Quando Basilio (1987) exemplifica com “mente” um caso de fronteira entre composição e derivação, remete, sem usar o conceito, à gramaticalização de um substantivo (léxico) a um sufixo (morfologia). Lichtenberk (1991) oferece um tratamento para esses “mente” que a língua tem: não são dois (homonímia) porque a origem é uma só, não é um (polissemia) porque a mesma forma não pode ser palavra e afixo.

Diante de casos como esse, adotando a concepção clássica de gramaticalização, o autor propõe uma revisão do conceito de heterossemia:

I will adopt – and adapt – Persson’s 1988 term ‘heterosemy’ to refer to cases (within a single language) where two or more meanings of functions that are historically related, in the sense of deriving from the same ultimate source, are borne by reflexes of the common source element that belong in different morphosyntactic categories. (LICHTENBERK, 1991, p. 476)

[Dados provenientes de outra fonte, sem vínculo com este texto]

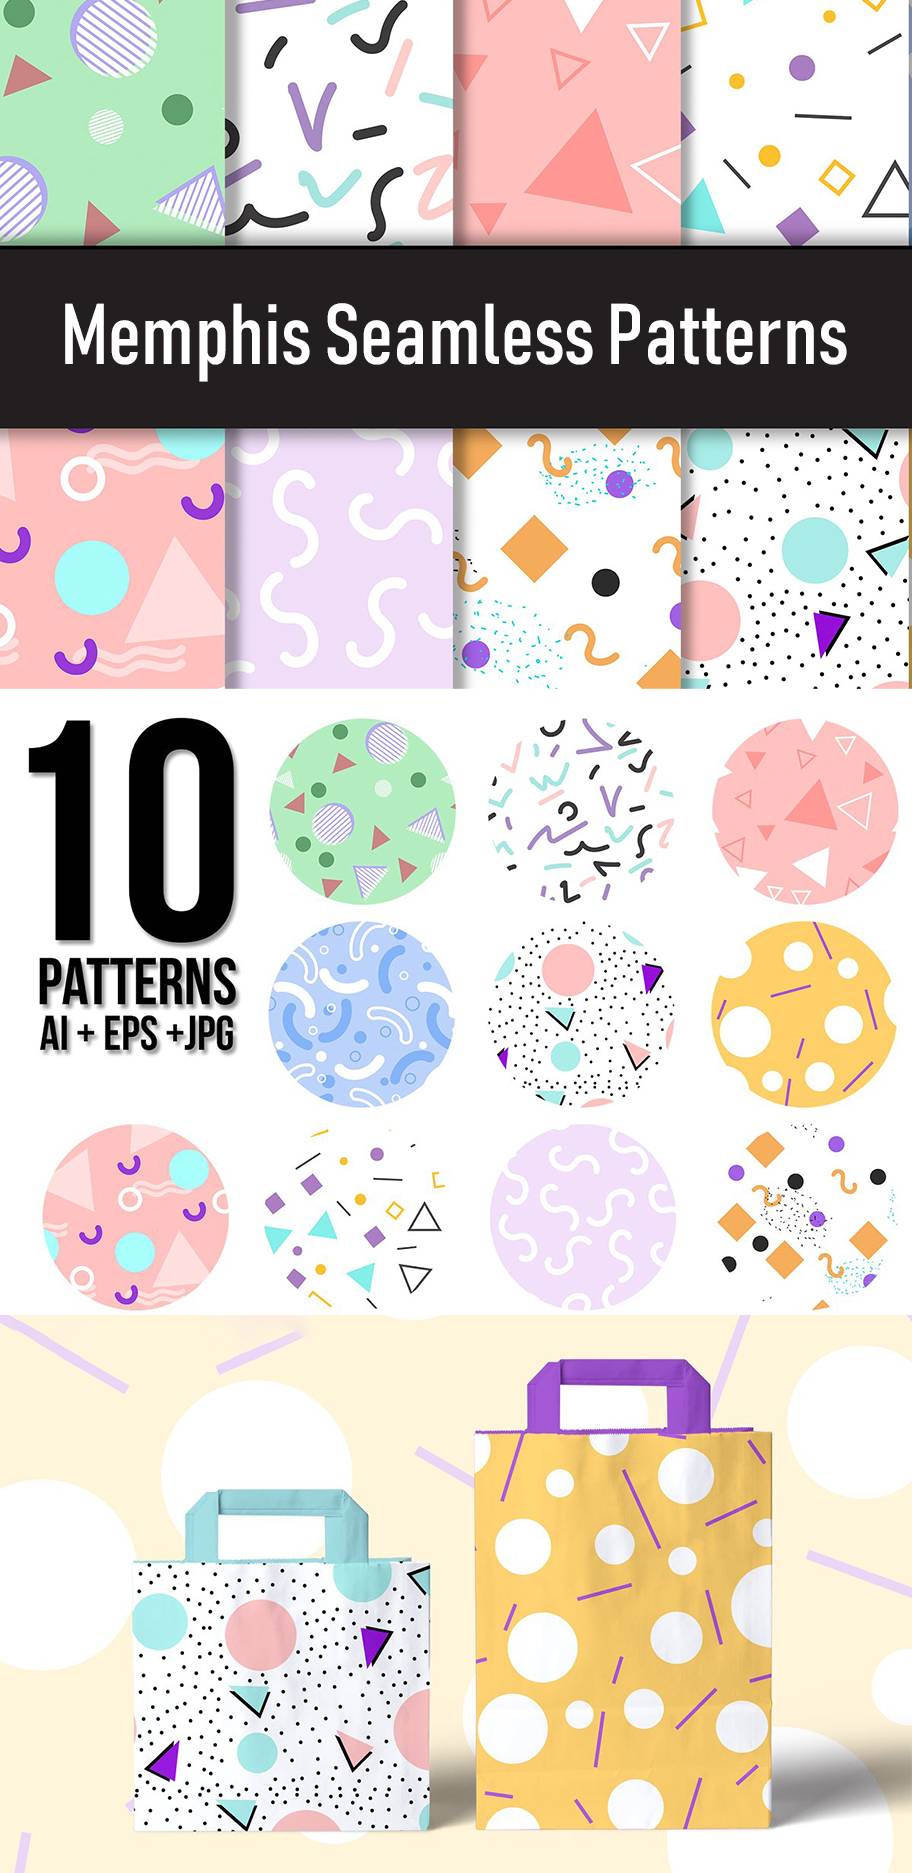 Memphis Seamless Patterns #memphisdesign

Tal conceito tem sido objeto da reflexão de diferentes autores comprometidos com a Linguística Cognitiva. Velozo e Bernardo (2014) abordam a relação entre “mas” e “mais” no português com base em Lichtenberk (1991) e no modelo da Linguística Cognitiva intitulado por Traugott e Trousdale (2013) como Gramática das Construções Cognitiva, associado a

Lakoff (1987), autor levado em consideração por Lichtenberk (1991) em sua reflexão sobre a polissemia.

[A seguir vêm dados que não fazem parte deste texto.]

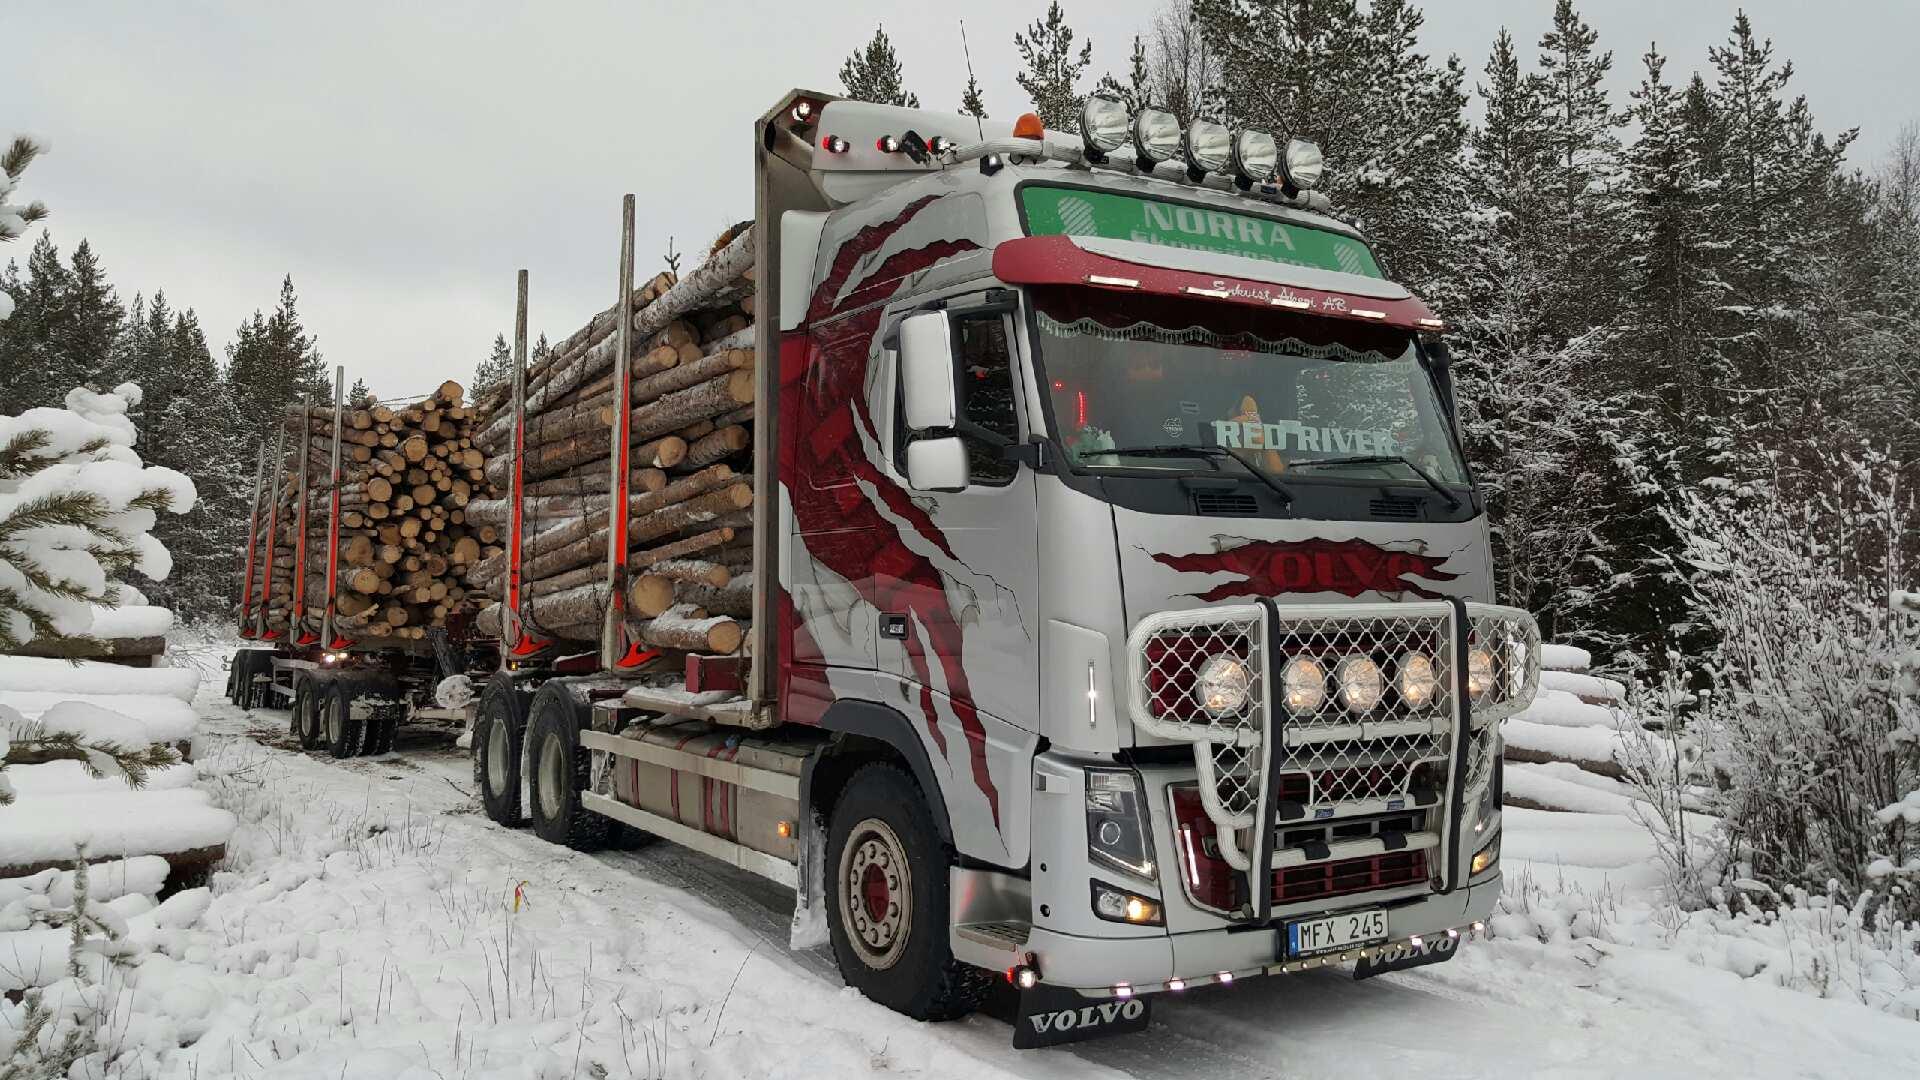 Chockbesked för Norrland – Regeringen dubblar sitt förslag om kilometerskatt

As autoras retomam de Castilho (2010) a relação diacrônica entre “mais” e “mas” como evoluções de “magis”17. Ressalte-se que nem Castilho (2010) nem Velozo e Bernardo (2014) adotam a concepção de gramaticalização presente em Lichtenberk (1991), que Castilho (2010) aborda a filiação de “mais” e “mas” a “magis” com base na Teoria Multissistêmica e que Velozo e Bernardo (2014) abordam o mesmo fenômeno com base na Gramática das Construções Cognitiva.

O convívio entre “muito”, “mui” e “multi” na língua portuguesa atesta o que afirmam Langacker (2009) e Castilho (2010). A ressalva fundamental é que, conforme vimos no capítulo 2, “multi” não resulta da gramaticalização de “muito” nem “mui” da gramatizalização de “muito”. Daí o cuidado de Lichtenberk que associar a heterossemia à gramaticalização como fenômeno vernáculo (“within a single language”).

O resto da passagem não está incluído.